Hip-Hop’s equivalent to the revolutionary Black Panther Party, dead prez, is one of the few rap conglomerates that enjoy life without censorship. Plus, that damn double consciousness of theirs grants them access to both the unofficial fiefdom of worldwide gangstas and the equally unofficial roundtable of political overthrowers with social ease and very little credibility points damaged. Stic.Man and M-1 crack their ambassadorial knuckles on the Pulse of the People mixtape, the third volume of the Turn Off the Radio series, to which DJ Green Lantern, of Invasion! Mixtape series fame, lends a hosting voice. Cranked with African socialist ideals and demonstrations against institutionalized racism, Pulse of the People doesn’t lose its musical edge despite its dense political content.

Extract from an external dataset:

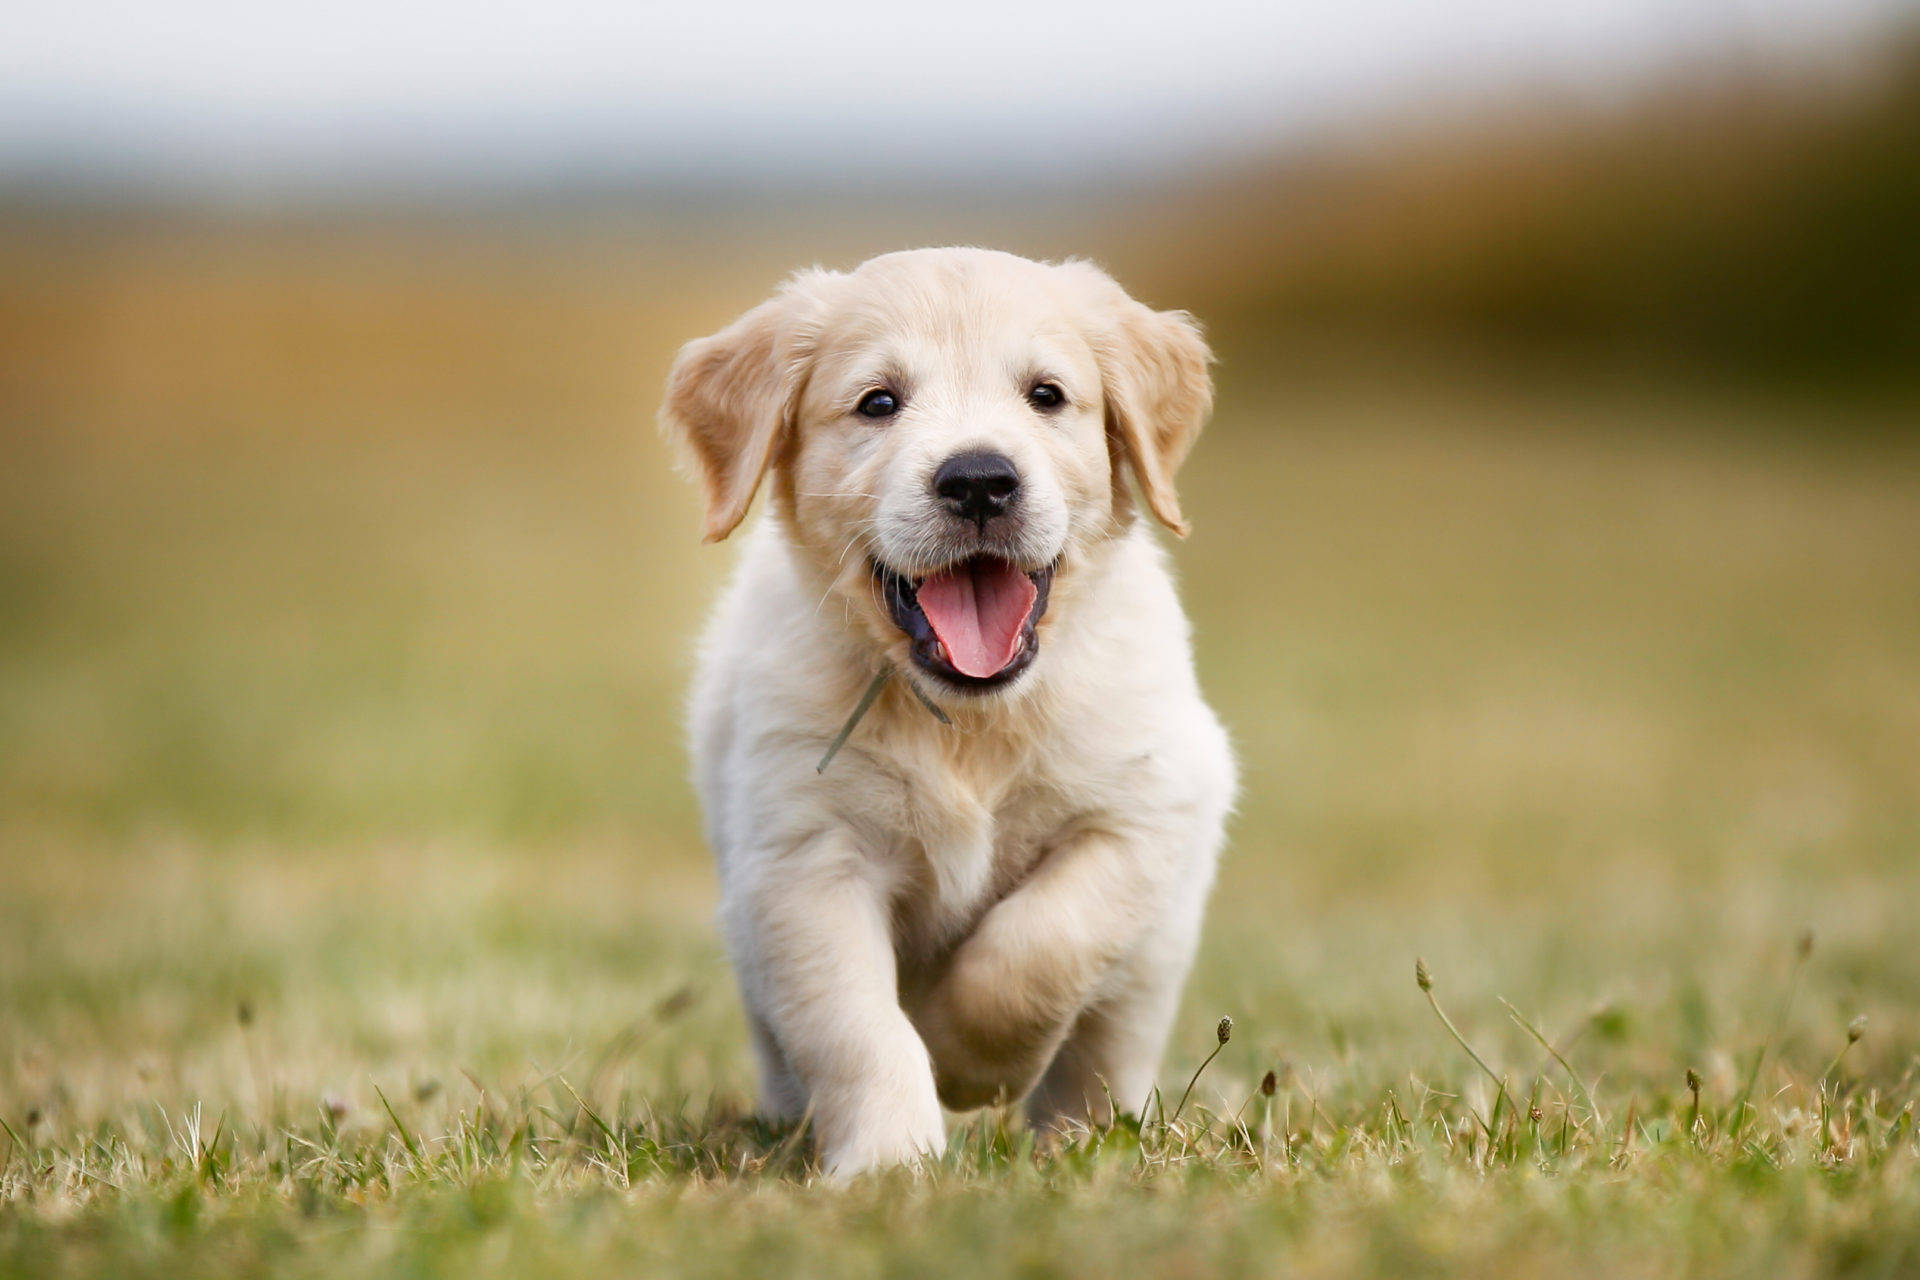 Adorable Puppy Joyfully Running Outdoors

In fact, the mixtape’s fiery lyrics and explosive production commingle very comfortably, with an advantage, of course, to the lyrics, which outrun Green Lantern’s dark but scanty instrumentals. After all, it’s dead prez, a group’s whose words have rarely been camouflaged by the beat. Take the track “Warpath” for instance, in which the underground duo swap sixteens about the corruption of the man. Over an electric guitar riff, M-1 rages, “He, the judge, the jury, and executioner/ Redneck Lucifer, the streets is on fire for all the years you’ve been abusing us.” The bars could light a stove a capella.

Pulse of the People also welcomes a coterie of diverse feature artists. Styles P bangs the gavel on “Gangsta, Gangster,” sharing credits on a mixtape with a motley crew of rhymesters that include Bun B, Johnny Polygon, Chuck D, Avery Storm, and Ratfink. dead prez needs no assistance, however, on the economy-indicting “$timulus Plan,” on which they urge, “You should google the Amero, then the Afro and the Euro/ Dollar bills don’t make you loyal, it can kill you…” Although the group hasn’t grown too much creatively, dead prez’s political vision has stayed consistent, rewarding a core fan base raised on the group’s radical debut album Let’s Get Free.

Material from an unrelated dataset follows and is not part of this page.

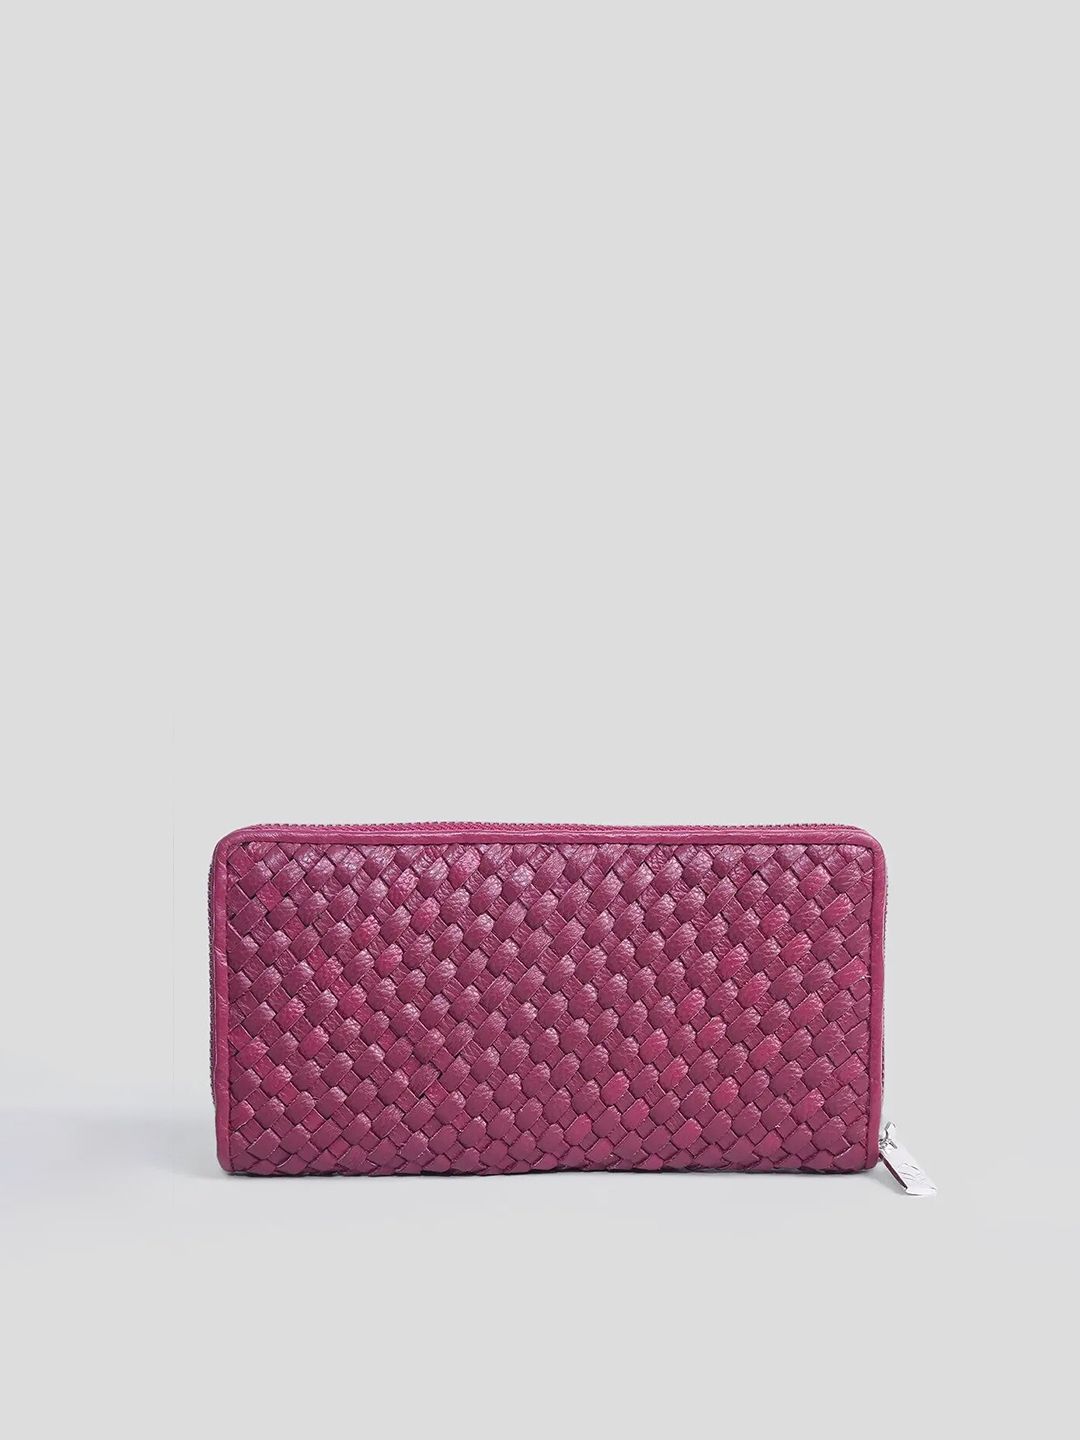 Biba Women Pink Woven Design Leather Zip Around Wallet Price in India

dead prez has mostly focused on content over craft over their steadily pulsating careers. So, where some may see a track like “Summertime” as a reminiscent, or better yet recycled version of Let’s Get Free ’s “Happiness,” the duo sees it as another cut that unveils how oppressed people find joy in their lives. In short, Pulse of the People may not be progressive hip-hop, but it is, more importantly, progressive politics.